> _About this exercise_: Transcribe the data that follows without changing a word, and omit the pictures.

START Given information

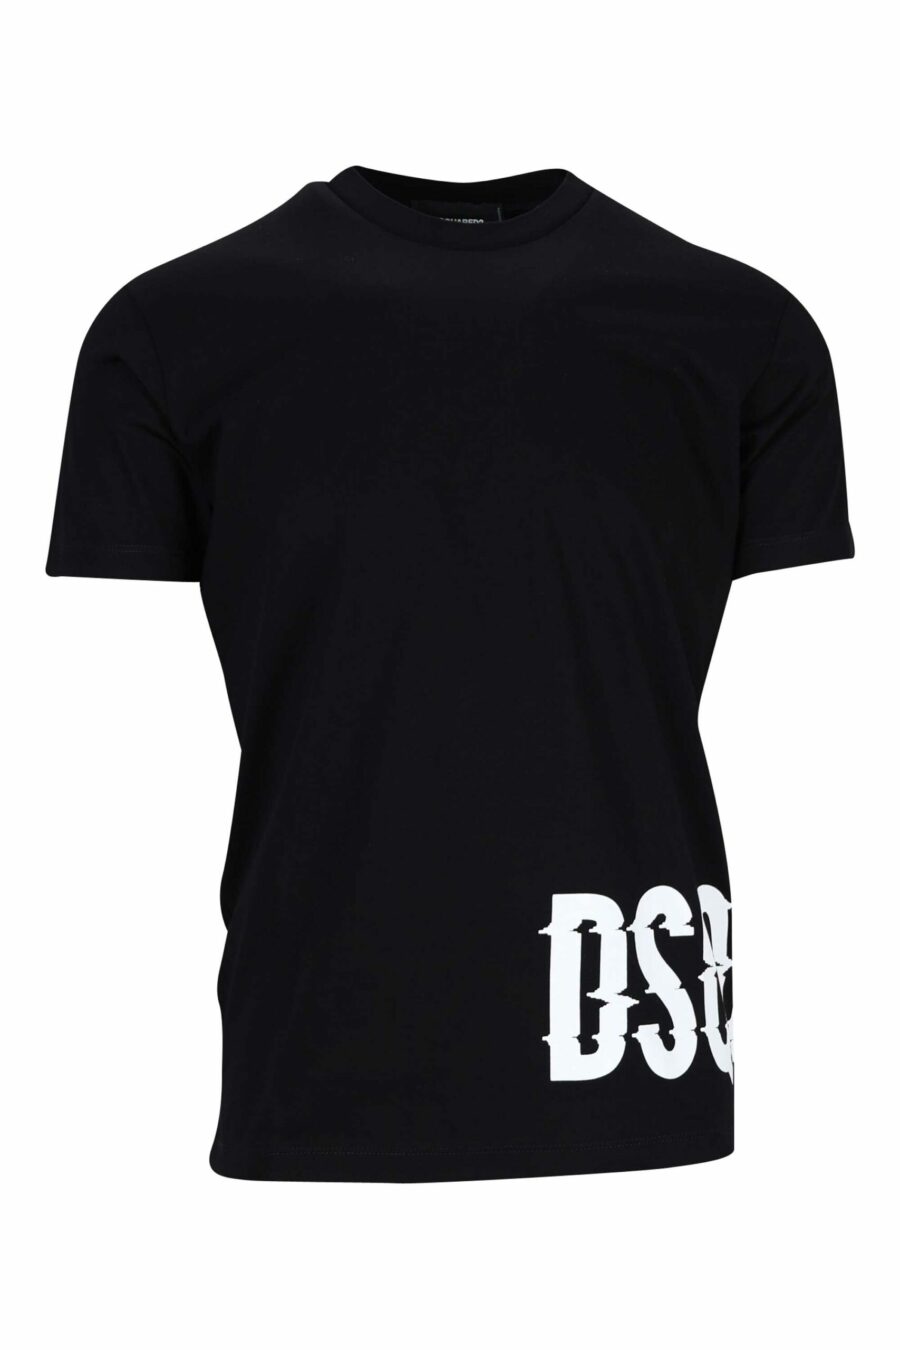 Schwarzes T-Shirt mit schwarzem verzerrtem Maxilogue-Bass - 8054148332808 skaliert
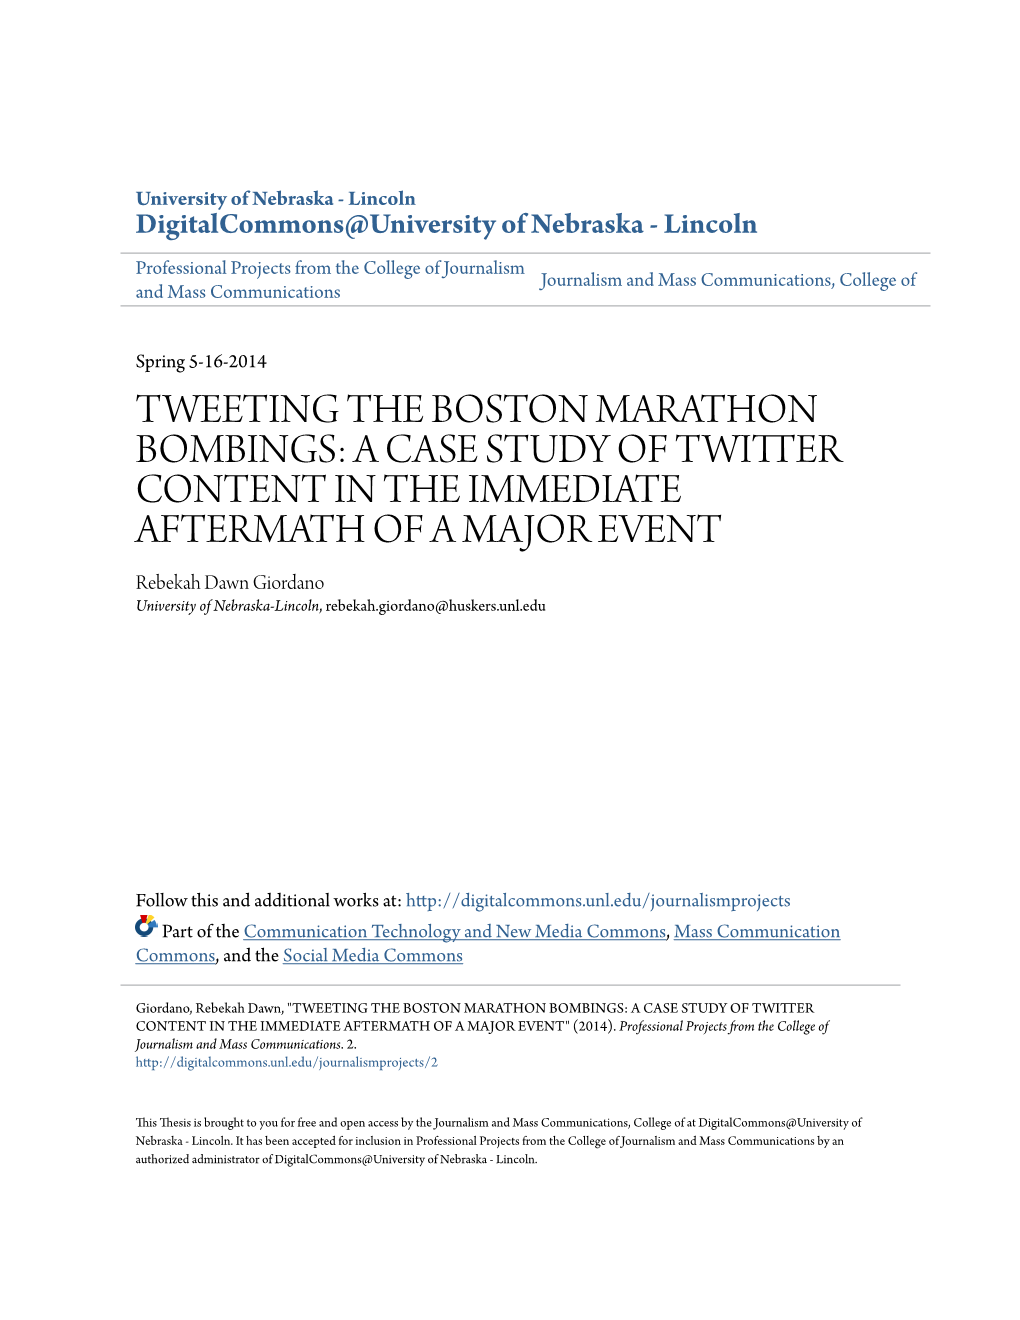 Tweeting the Boston Marathon Bombings: a Case
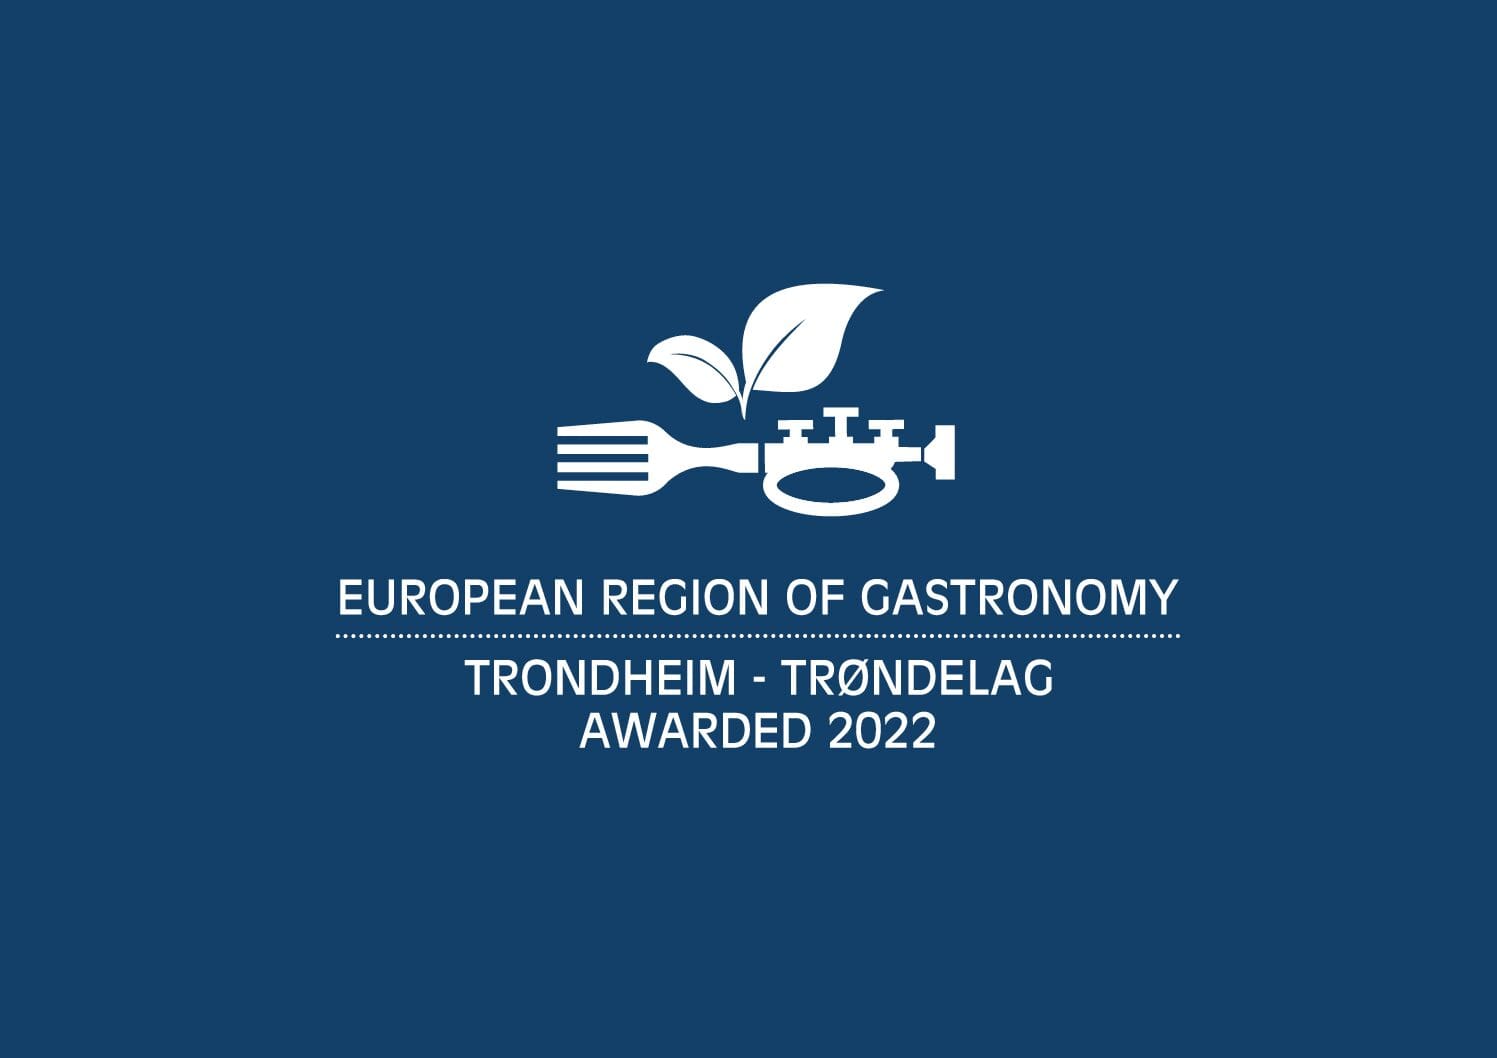 European Region of Gastronomy 2022

END Given information

> _Answer section_:
 Schwarzes T-Shirt mit schwarzem verzerrtem Maxilogue-Bass - 8054148332808 skaliert
 Tweeting the Boston Marathon Bombings: a Case
 European Region of Gastronomy 2022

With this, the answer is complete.